Rohonc Codex

Apr 26, 2022 0 comments

The Rohonc Codex is a 448-page illustrated manuscript book written by an unknown author in an unknown language that has baffled scholars and historians since it was discovered at the Hungarian Academy of Sciences in mid 19th century. The codex is named after the Hungarian city of Rohonc, where it was kept until it was donated to the Academy in 1838 by Count Gusztav Batthyany from his Rohonc estate, along with 30,000 other books in his possession. The town is now called Rechnitz, is in Austria, close to the Hungarian border.

Photo: Klaus.Schmeh/Wikimedia

The codex measures 12 by 10 centimeters, with each page having between 9 and 14 rows of symbols. The total number of symbols used in the book is around 800 which is about ten times higher than any known alphabet, but most symbols are used with little repetition, so the symbols in the codex might not be an alphabet, but instead a syllabary, or be logographic in nature, such as Chinese characters. Accompanying the cryptic texts are some 90 pages of illustrations that include religious, laic, and military scenes. The crude illustrations seem to indicate an environment where Christian, pagan, and Muslim religions coexist, as the symbols of the cross, crescent, and sun/swastika are all present.

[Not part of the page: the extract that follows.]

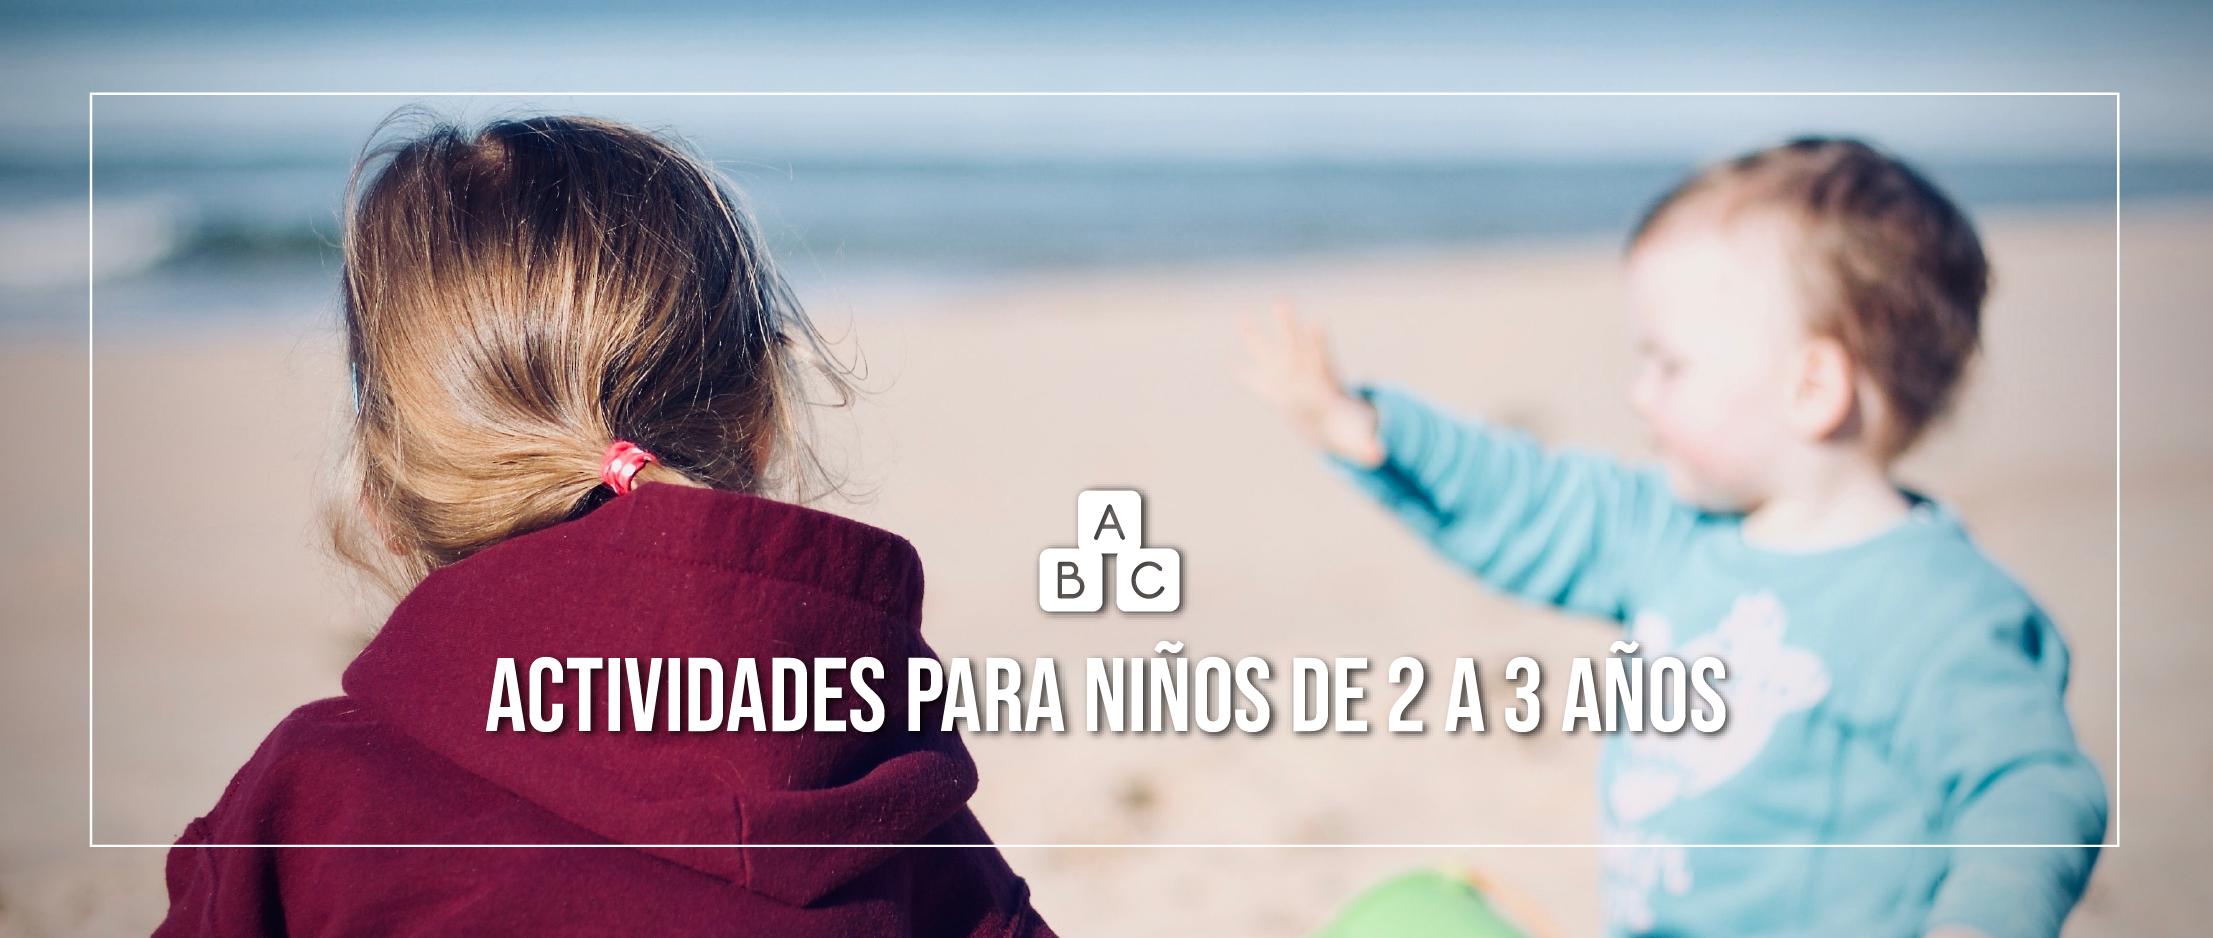 Las mejores actividades para niños de 2 a 3 años para este verano

Some scholars believe that the codex is a hoax, but others believe it to be genuine and have spent years trying to decode the text and illustrations. Analysis of the paper seem to suggest that the codex was written in Venetian paper sometime in the 16th century, but the date is not a certainty because the paper could have been much older than the text. Also, the text could have been copied from a much earlier source. Taking clue from the illustrations, some scholars speculate it was most likely created in the 16th-17th centuries.

Cracking the code

One Hungarian scholar proposed that he could read the book by turning it upside down to resemble a Sumerian ligature. He then associated Latin alphabet letters to the rest of the symbols by resemblance. He also rearranged the order of the letters to produce meaningful words. However, his methods were criticized because he sometimes transliterated the same symbol with different letters, and conversely, the same letter was decoded from several symbols.

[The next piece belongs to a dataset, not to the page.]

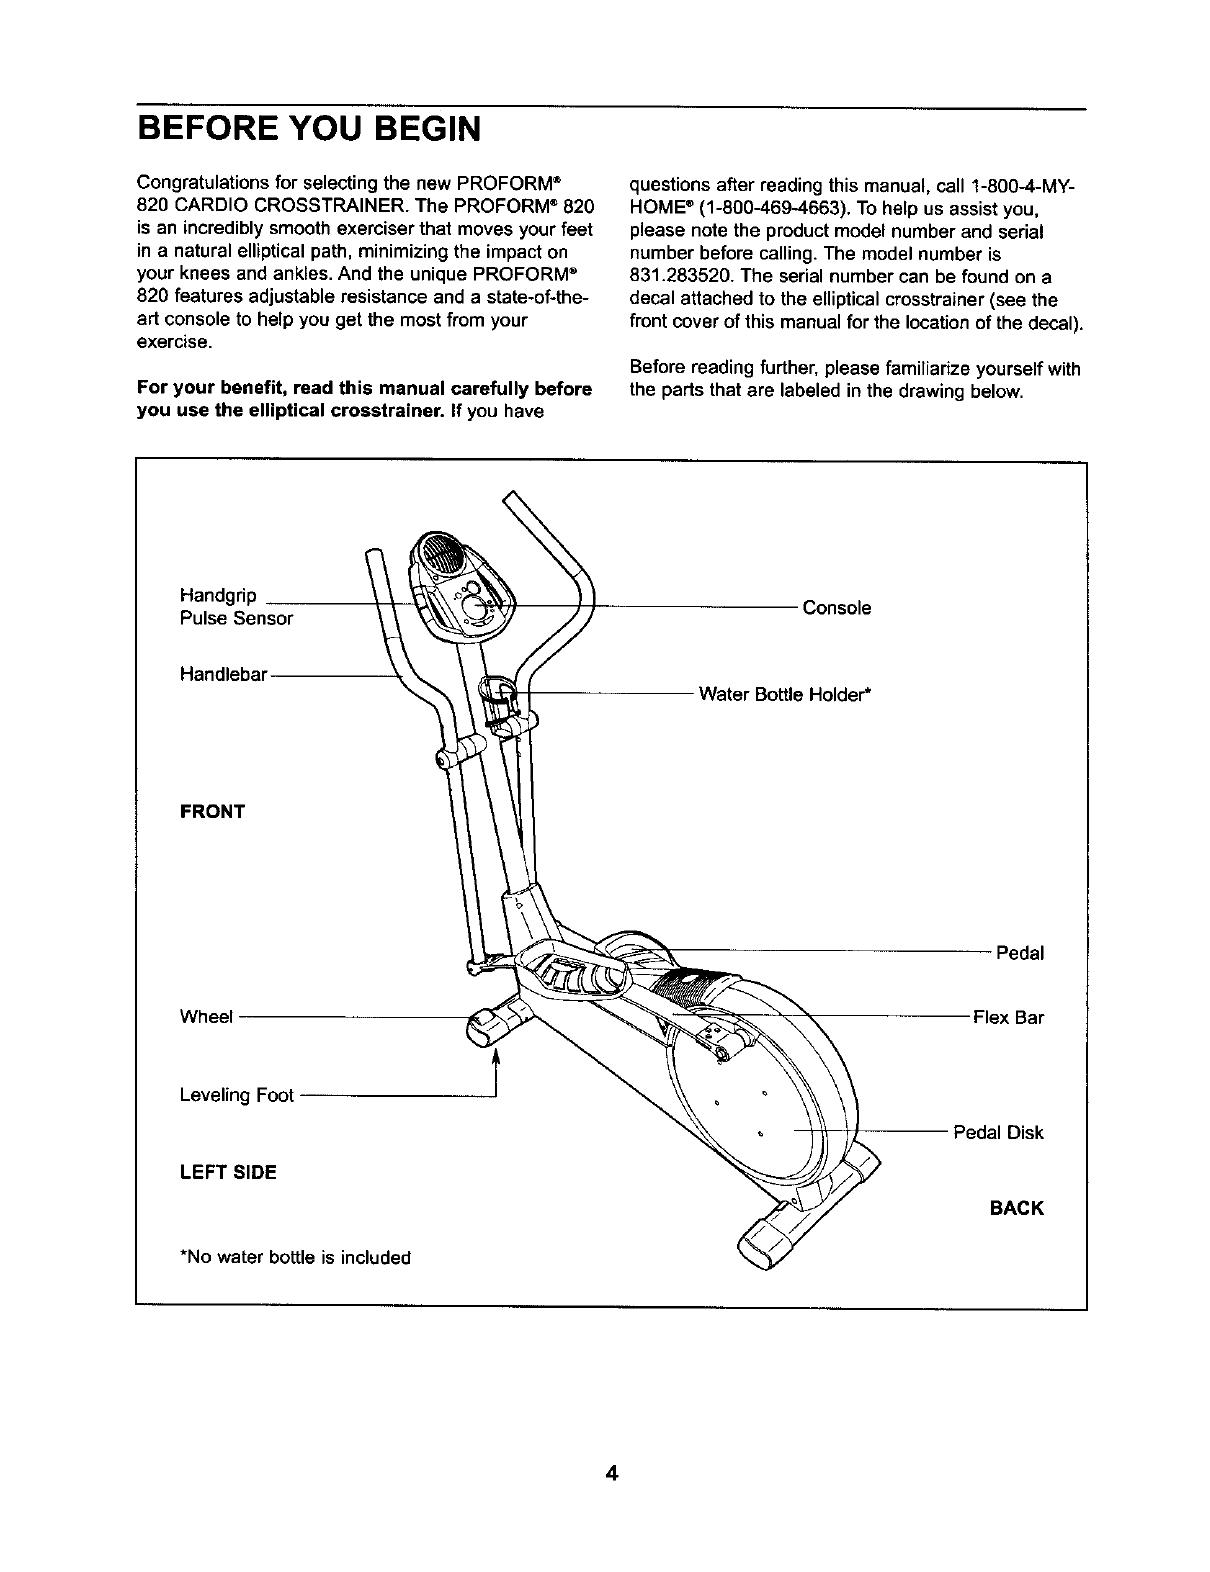 Proform 831283520 User Manual ELLIPTICAL Manuals And

A Romanian philologist Viorica Enăchiuc proposed that the text had been written in the Vulgar Latin dialect of Dacia, and the direction of writing is right-to-left, bottom-to-top. The alleged translation indicates that the text is an 11-12th century history of the Blaki (Vlachs) people in their fights against Hungarians and Pechenegs. Enăchiuc’s method was also criticized because the symbols that appeared in the same context throughout the codex were regularly transliterated with different letters, so that the patterns in the original code are lost in the transliteration. Besides, there is no relation between the illustrations of the manuscript and Enăchiuc's translation.

Another alleged solution was made by the Indian Mahesh Kumar Singh. He claims that the codex is written left-to-right, top-to-bottom with a so far undocumented variant of the Brahmi script. He transliterated the first 24 pages of the codex to get a Hindi text which was translated to Hungarian. Singh’s method was also criticized for lack of consistency.

Gábor Tokai and Levente Zoltán Király proposed that the script is a code system that does not indicate the inner structure of words, and the language of the text is most probably artificial. They claim that the codex contains the date 1593 CE as a probable reference to its writing. They also state that is an ordinary Catholic reader mostly containing paraphrases of New Testament texts about the life of Jesus.

The mystery of the Rohonc Codex would perhaps never by fully solved.